Vis ma vie : essayeur et journaliste d'un jour avec l'hebdomadaire moto

Tester les dernières nouveautés, des machines des plus variées, sur de prestigieux circuits ou de chouettes routes à moto, c'est le quotidien des essayeurs moto. La moto comme passion, le privilège de la vivre et d'en vivre. Payé pour faire de la moto quoi ! Un raccourci hâtif mû rien que par la jalousie, bande de veinards ! Mais là on ne voit que la finalité, pas ce qu'il en nécessite. J'ai donc accompagné un essai pour Moto Revue afin d'en savoir un peu plus sur les réalités, les joies et les contraintes du métier.
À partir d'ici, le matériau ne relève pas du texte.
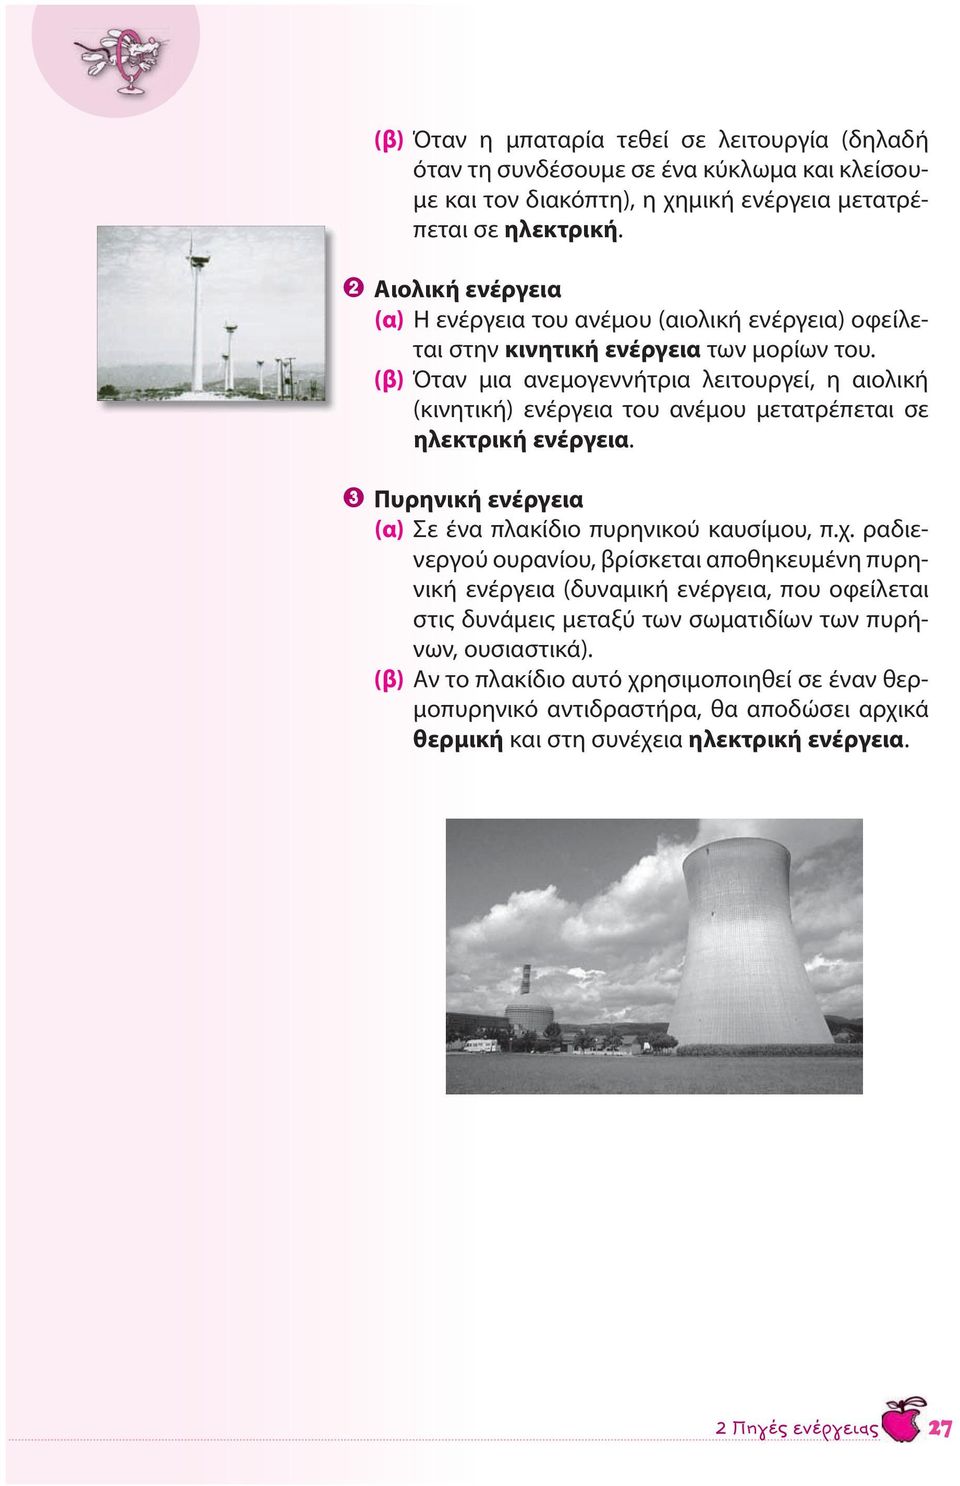 (β) Όταν μια ανεμογεννήτρια λειτουργεί, η αιολική (κινητική) ενέργεια του ανέμου μετατρέπεται σε ηλεκτρική ενέργεια. 3 Πυρηνική ενέργεια (α) Σε ένα πλακίδιο πυρηνικού καυσίμου, π.χ.

Gentlemen start your engine !

Lundi 11heures, rédaction de Moto Revue.

Rencontre avec les rédacteurs présents et Thierry Traccan, chef des essais. Laurent Chadelat avec qui je pars doit arriver avec une Honda CBF 600 N ABS. Elle va être confrontée à la nouvelle Suzuki Bandit 650 N ABS. Nous commençons l' essayage… L'essai ? Non, l'essayage vestimentaire ! Deux grands placards remplis de vestes et de casques nous attendent pour être choisi en fonction des coloris des motos, gris pour la Honda, noire pour la Suz. Veste grise hyper ventilée pour Laurent (ce qui ne s'avérera pas forcément judicieux vu les conditions météo rencontrées !) et blouson noir et rouge tout neuf (à roder !) pour moi. Les couleurs s'harmonisant on garde nos casques perso.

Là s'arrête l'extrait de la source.